# Ft Pickens Campground Report



## Photoguy504 (Feb 6, 2014)

Launched two kayaks about 6am started trooling fro a bite, about 1 mile or so out 40-48 ft of water up and down the beach up to the first of three tall dark condos, used frozen cigar minnows and artificial to land a nice haul.


----------



## ChileRelleno (Jul 7, 2012)

This thread is worthless without pics.


----------



## Mac1528 (Mar 24, 2012)

ChileRelleno said:


> This thread is worthless without pics.


Be nice and explain the protocall to new members about pics, and how nice it is for a report. This was only the OPs 10th post. 
Welcome up there photoguy! Looks like a nice catch there!


----------



## Photoguy504 (Feb 6, 2014)

Sorry I had to download an app to reduce the photo sizes in order to post pics that was why there was a delay on the pics. 

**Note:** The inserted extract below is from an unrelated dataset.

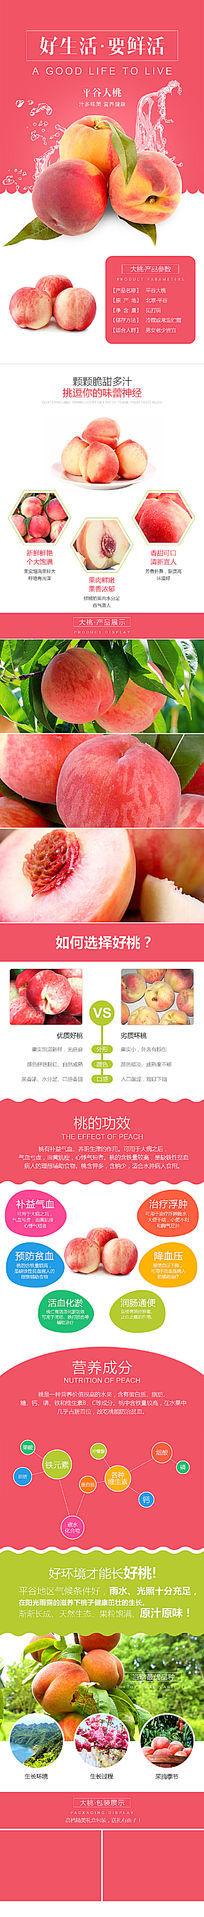 淘宝水蜜桃详情页水果宝贝描述模板
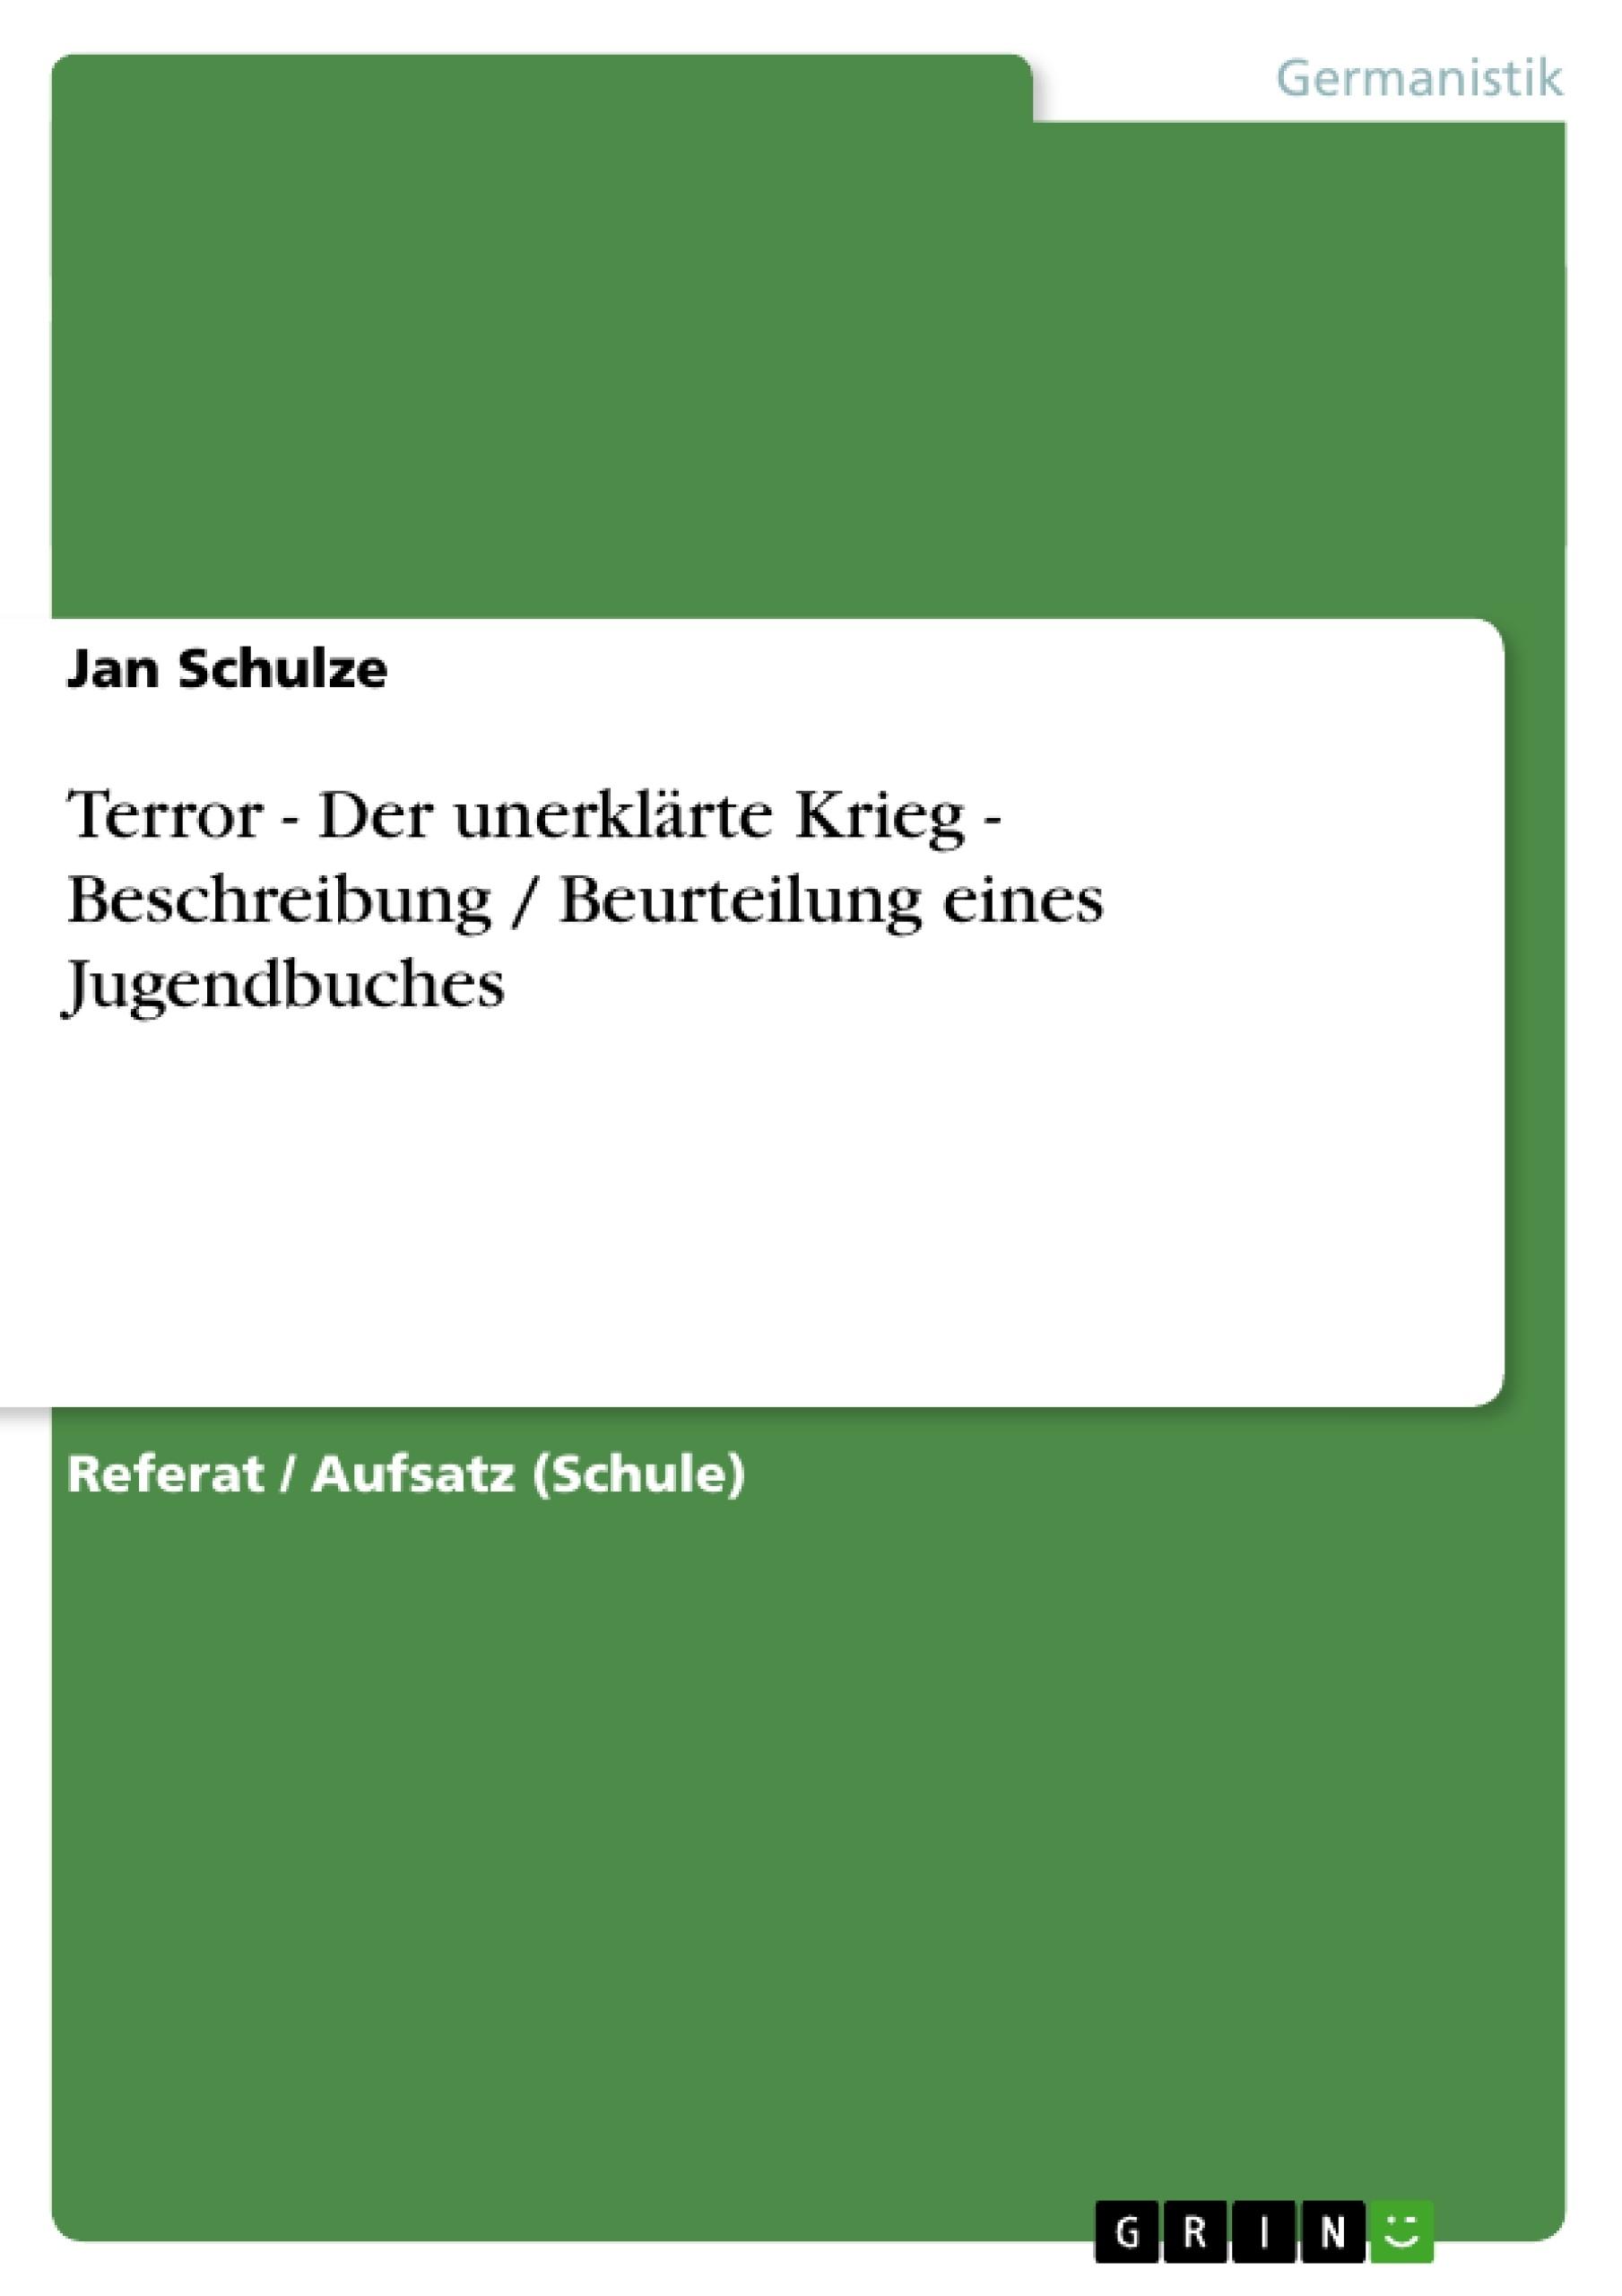 Titel: Terror - Der unerklärte Krieg  -  Beschreibung / Beurteilung eines Jugendbuches

Thanks we plan on going back out this evening and tomorrow morning I'll post more later.


----------



## ChileRelleno (Jul 7, 2012)

Nice catch, them schoolies are the best eating size.


----------



## Photoguy504 (Feb 6, 2014)

Ok after going out this evening we ended up with 4 kings and 1 Spanish 
The conditions wasn't favorable it kept us on our toes with waves from all directions and close together but we did it.


----------



## bwise (Apr 8, 2012)

Nice haul! What do you keep all those in while you're out?


----------



## DAWGONIT (Jan 16, 2009)

all nice eating size right there.
thanks for sharing & catch 'em up.


----------



## chasintales (Sep 29, 2007)

Way to guy guys. I met you guys in the park at Ft Pickens Entrance on Saturday. Looks like everything worked out well for you. great catches.
Chris


----------



## Photoguy504 (Feb 6, 2014)

@bwise we both have ocean kayaks and are able to put the fish into the hull of the boat. It's that only way to go!!!


----------



## Photoguy504 (Feb 6, 2014)

@chasintales hey Chris,
Yeah it turned out to be a good weekend of fishing but it wasn't easy with all those waves and wind but the hard work paid off!!


----------



## Tmrunner (Mar 8, 2014)

Is your hull insulated? I really want to try that on my hobie outback, but I'm afraid to ruin the fish.


----------



## Sean72 (Mar 31, 2015)

I think I ruined my hull after doing that last weekend. The king was too big for my fish bag so we put it in the main hatch and headed back in. Anybody have any tips to get the smell out?


----------



## LIM-IT-OUT (Aug 26, 2014)

heck yah boys yall tore em up


----------



## Photoguy504 (Feb 6, 2014)

@tmrunner no insulation in our boats depends on how long your going to be out I guess if your worried about it id throw a bag of ice in there


----------



## Photoguy504 (Feb 6, 2014)

@sean72 you can use bleach or chlorine that will kill any bacteria but the trick will be to make sure the hull gets aired dry


----------



## Fielro (Jun 4, 2012)

Nice catch


----------



## ALtoAK (Feb 9, 2015)

Sean72 said:


> I think I ruined my hull after doing that last weekend. The king was too big for my fish bag so we put it in the main hatch and headed back in. Anybody have any tips to get the smell out?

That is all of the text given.